THE CLAIM
Hillary Clinton closed her arguments in Thursday night debate by saying:
"But here's the point I want to make tonight. I am not a single- issue candidate, and I do not believe we live in a single-issue country."
She went on:
“Yes, does Wall Street and big financial interests, along with drug companies, insurance companies, big oil, all of it, have too much influence? You're right.
But if we were to stop that tomorrow, we would still have the indifference, the negligence that we saw in Flint. We would still have racism holding people back. We would still have sexism preventing women from getting equal pay. We would still have LGBT people who get married on Saturday and get fired on Monday. And we would still have governors like Scott Walker and others trying to rip out the heart of the middle class by making it impossible to organize and stand up for better wages and working conditions.”
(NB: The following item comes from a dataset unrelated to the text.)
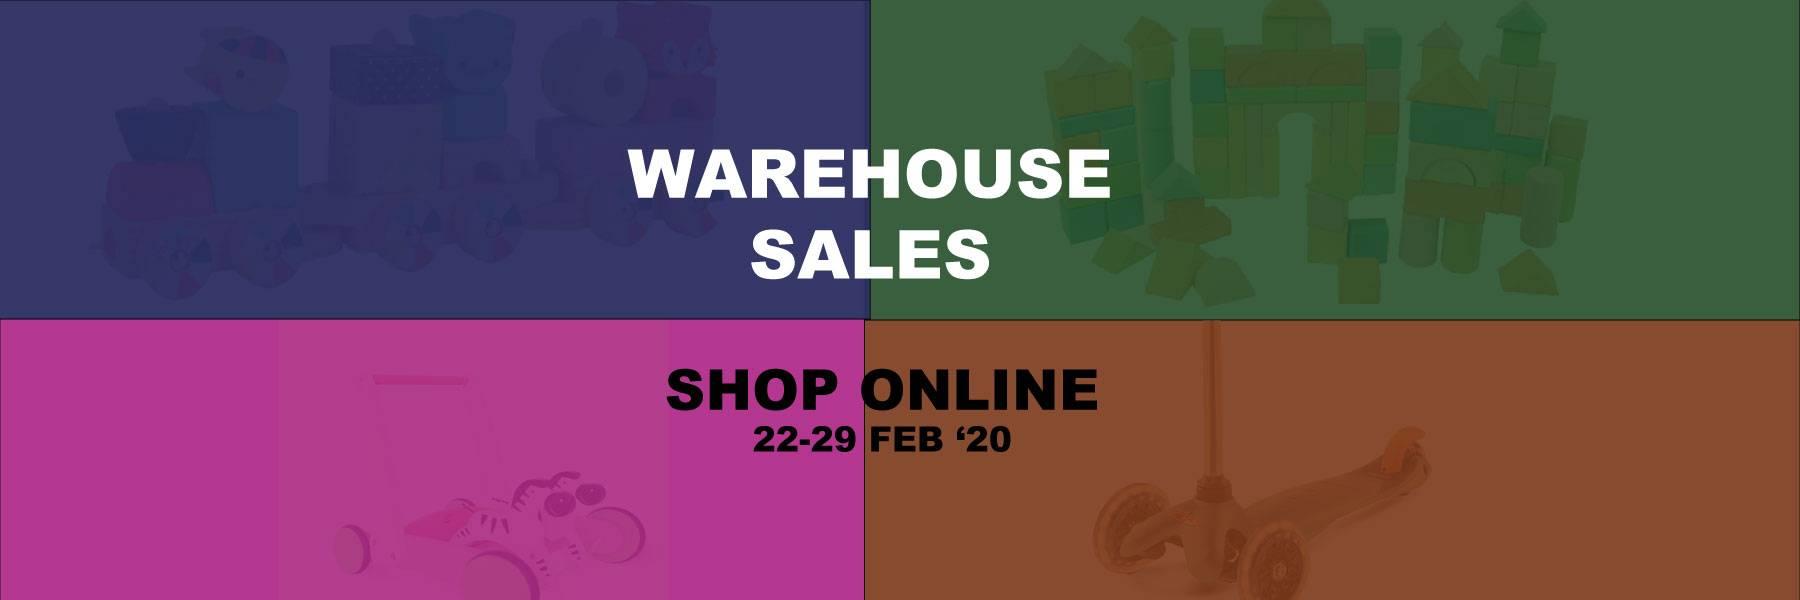 Warehouse Sales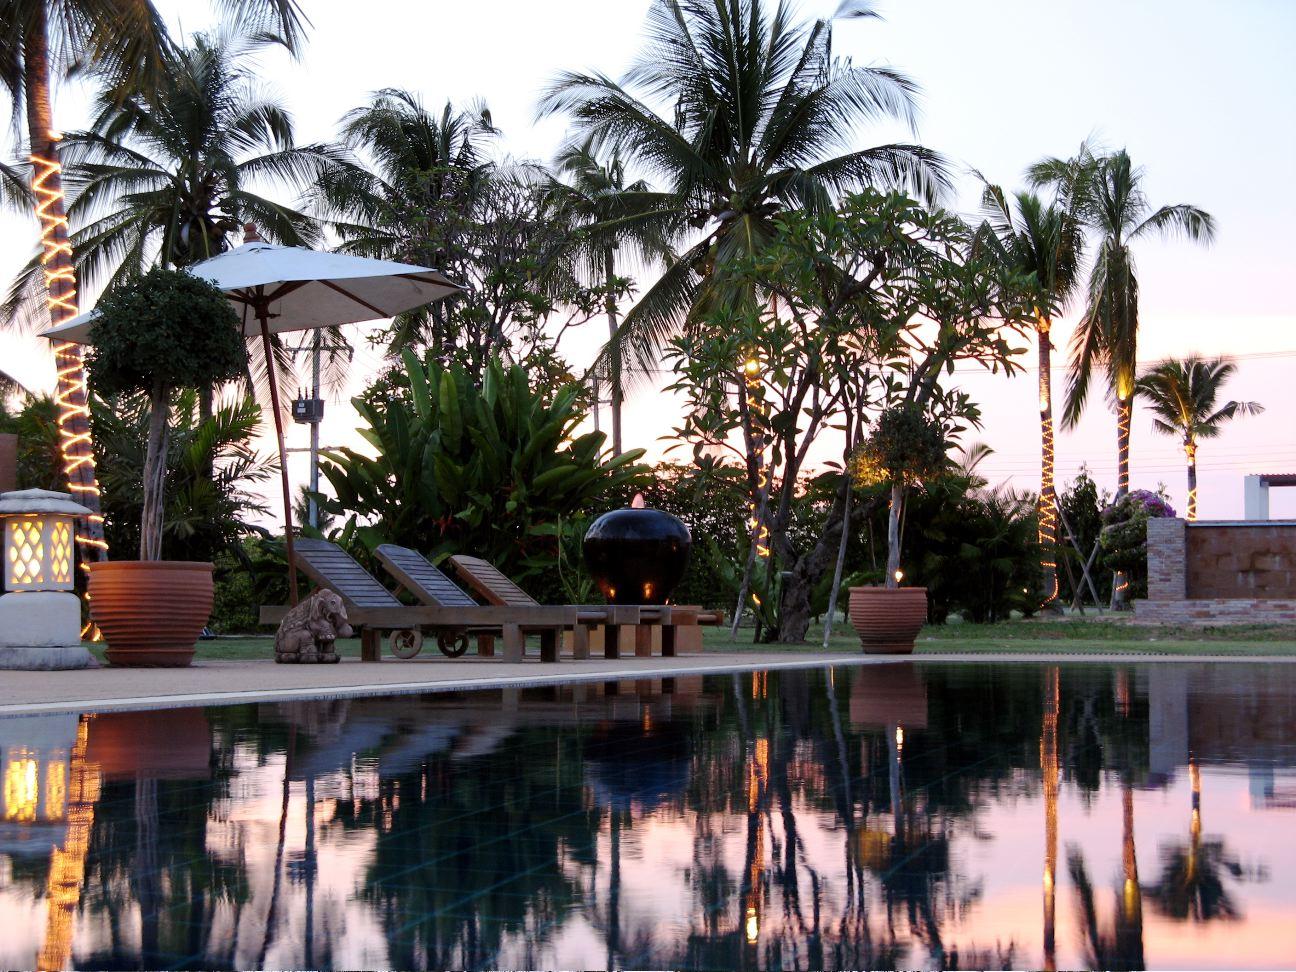 Mmmm, backyard serenity!

Clinton's whole closing riff on "the point I want to make tonight" actually started in a couple of sentences prior to the point she wanted to make. Those preceding sentences were:
‘You know, we -- we agree that we've got to get unaccountable money out of politics. We agree that Wall Street should never be allowed to wreck Main Street again.”
Hillary claimed she and Bernie do NOT differ on the point of Bernie's whole campaign, but she wants to do so much more and sees so much more that needs to be done.
This was not just her closing argument. She started it out the same way IN HER OPENING STATEMENT:
“We both agree that we have to get unaccountable money out of our political system and that we have to do much more to ensure that Wall Street never wrecks main street again.
But I want to go further. I want to tackle those barriers that stand in the way of too many Americans right now. African-Americans who face discrimination in the job market, education, housing, and the criminal justice system.tem.
(And she continues with a long list of things she wants to do).
ANALYSIS
This is the core claim of her campaign.
She wants to do so much more than Bernie, and besides, she agrees with his "single" issue.
It's why, she argues, we should choose her over Bernie. So we should examine her words carefully.
First, note that she and Bernie DO NOT agree on the "single issue" she charges that is all he cares about.
Bernie does NOT just want to get "unaccountable money" out of our political system. He does NOT say the special interests have "too much influence".
He says they (billionaires and their special interests) want it all, and that they have all the influence when it comes to policy making while regular voters have none. I posted earlier on Kos about the academic research that proves big donors so dominate policy making that the average person has zero discernible influence on it. That diary and links are here: www.dailykos.com/...
Hillary's term "unaccountable money" is very precise. She would only roll back things to the way they were before the Citizen's United decision opened the door to unlimited and completely hidden political money. That means she accepts the PACs and lobbyists and big donor money, and by inevitable attachment as proven in the earlier diary, THEIR DOMINATING INFLUENCE as long as the money comes in with names attached to it.
Bernie wants to get BIG money, huge donations, large donor and big corporate lobby money, which completely obviates voter preferences, as well as unaccountable or dark money, out of the system. That's why he refuses to take donations over $2,700 dollars and relishes the fact his donations average $27 bucks.
It's BIG MONEY that is wrecking our democracy. Not DARK MONEY.
Big money is like the Super Delegates voting power. I saw a calculation (sorry haven’t been able to track it down yet) that roughly 10,000 regular primary/caucus votes were needed to equal 1 super delegate vote. That means that effectively each super delegate has 10,000 times the voting influence as regular voters, or conversely, you and I have 1/10,000th of the power of a super delegate.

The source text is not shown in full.